Die Streiks der Lehrer und Beschäftigten in Tamil Nadu sind Teil eines wachsenden Auflebens des internationalen Klassenkampfs in Nordamerika, Mexiko, Europa, Sri Lanka, Bangladesch und vielen anderen Staaten. Die Streikenden müssen mit den Gewerkschaften brechen und sich mit Arbeitern in ganz Indien, Südasien und der Welt verbünden. Sie müssen auf die Lehrer in den USA und überall auf der Welt zugehen, die ebenfalls für bessere Löhne, Arbeitsbedingungen und Grundrechte kämpfen.

Um ihre Kämpfe fortzuführen, sollten die Lehrer und Staatsbeschäftigten von Tamil Nadu dem Beispiel der mexikanischen Autoarbeiter und der sri lankischen Plantagenarbeiter folgen und ihre eigenen, von den Gewerkschaften unabhängigen Aktionskomitees aufbauen. In diesen Komitees können die Arbeiter demokratisch diskutieren und ihre eigenen Forderungen und Arbeitskämpfe beschließen und das antikapitalistische und internationale politische Programm annehmen, auf dem ihr Kampf basieren muss.

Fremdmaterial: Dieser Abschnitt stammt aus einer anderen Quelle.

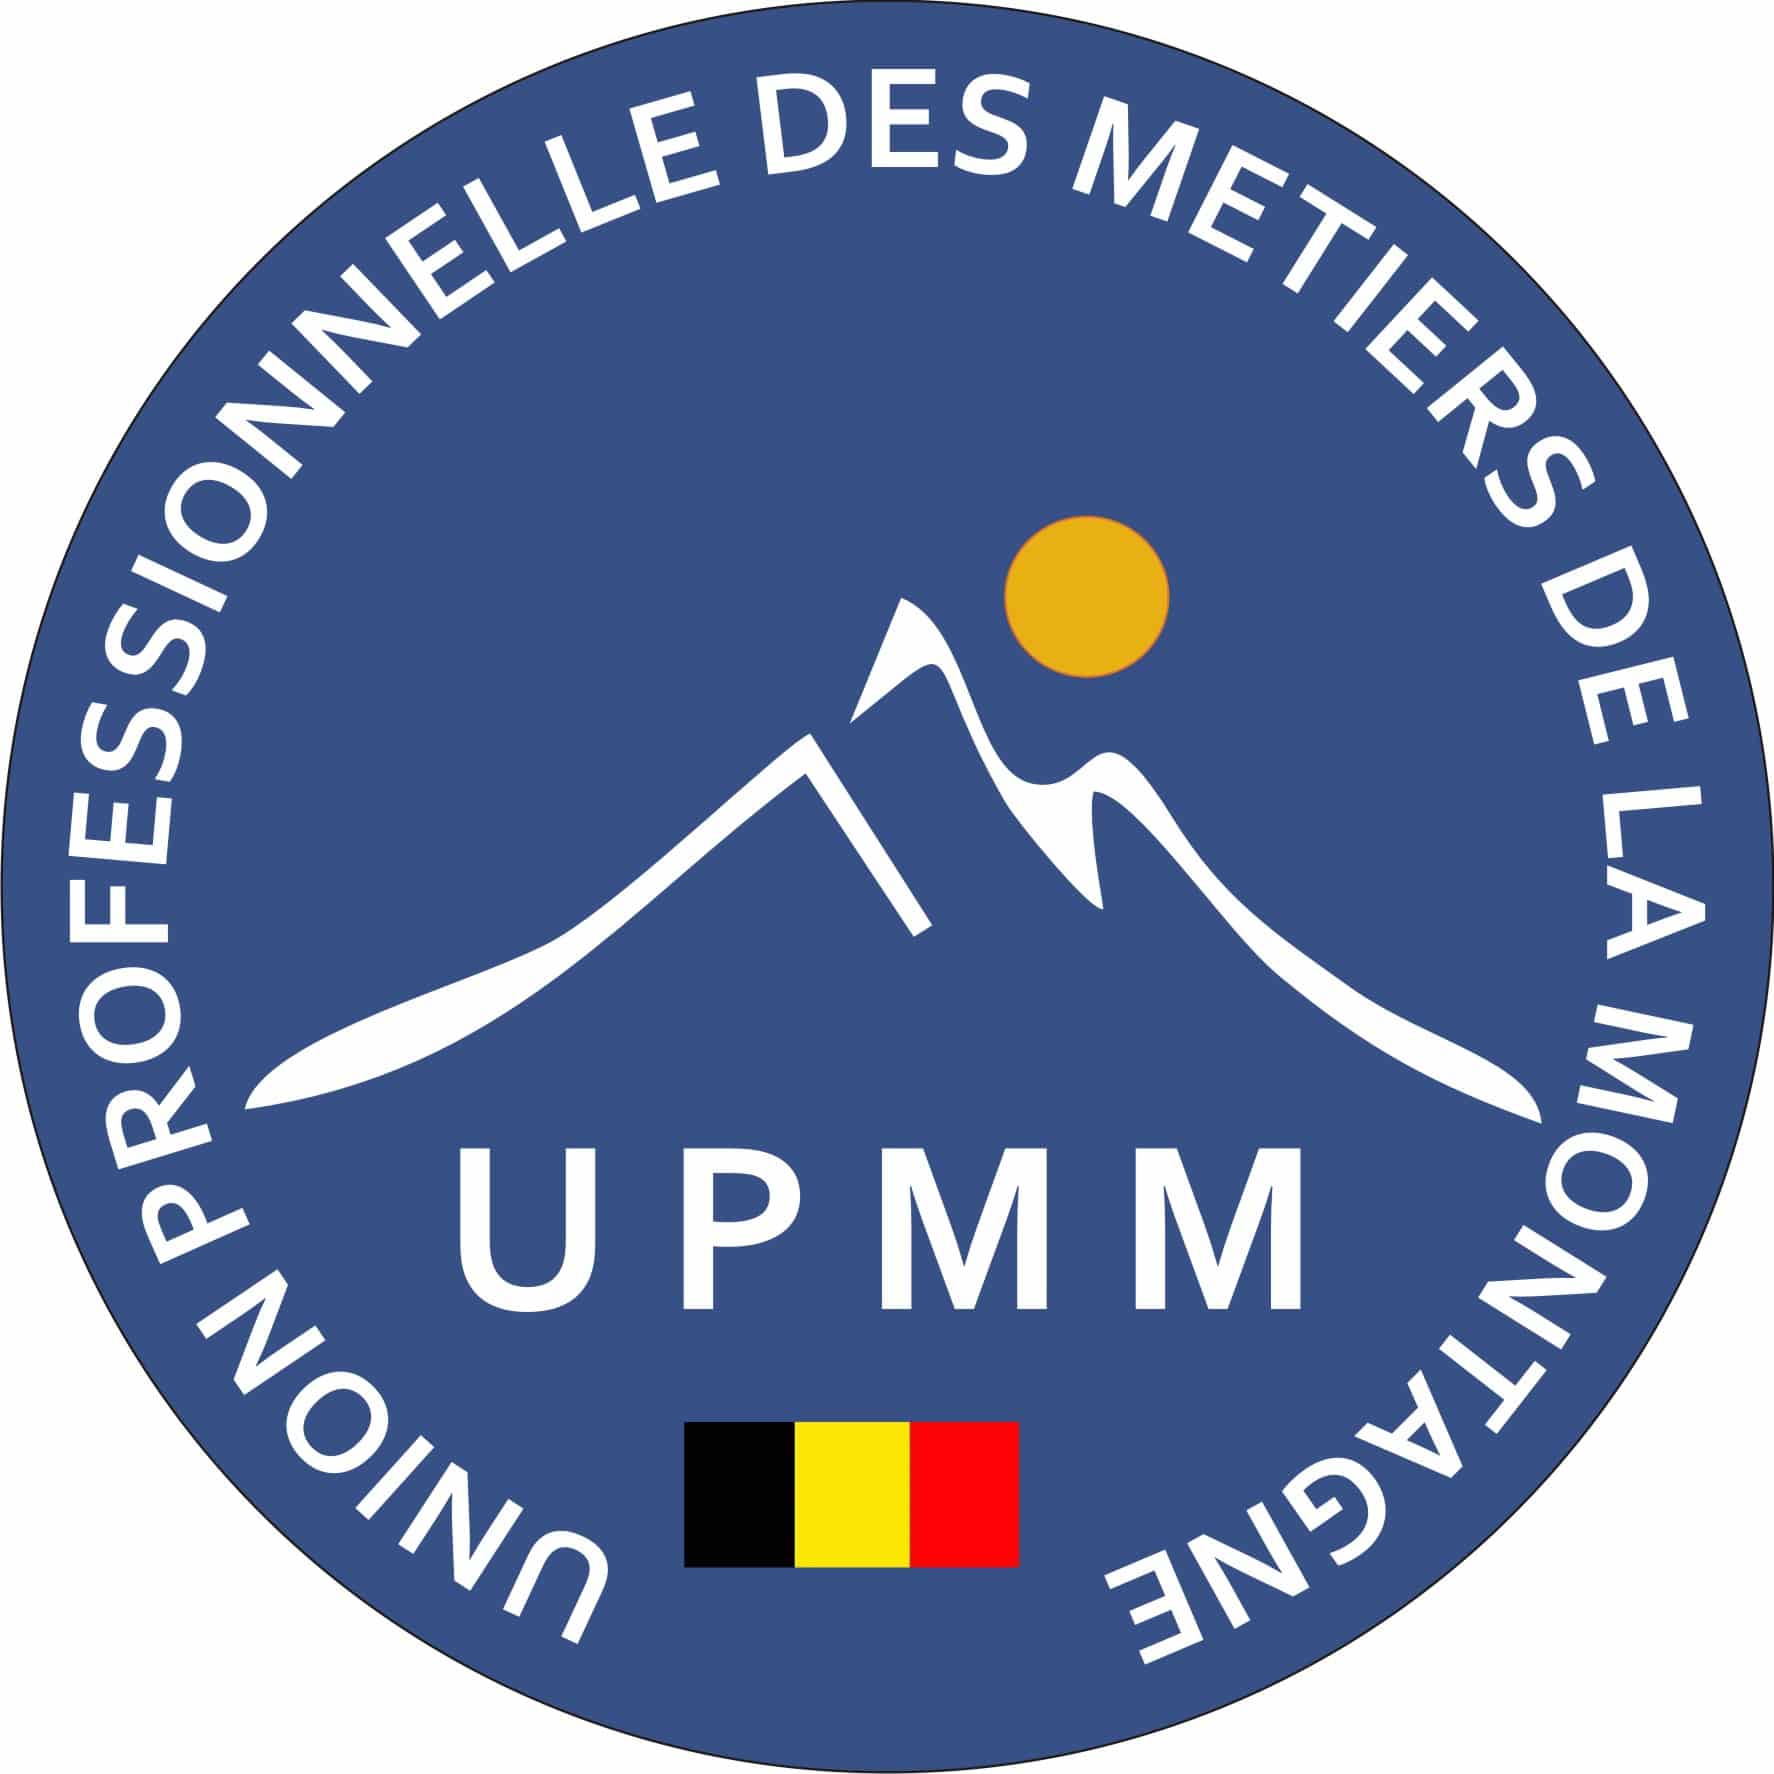 UPMM – Union Professionnelle des métiers de la Montagne

Dabei ist es entscheidend, die nationalistische Politik der KPM und der KPI zurückzuweisen. Diese stalinistischen Organisationen haben keine grundlegenden Differenzen mit der Hindu-kommunalistischen BJP und der AIADMK. Deren Ziel ist es, diese Parteien durch „alternative“ kapitalistische Regierungen entweder mit der Kongresspartei oder durch Bündnisse aus diversen rechten regionalen Parteien abzulösen, um Indien durch verschärfte soziale Angriffe auf die Arbeiterklasse attraktiver für das Großkapital zu machen.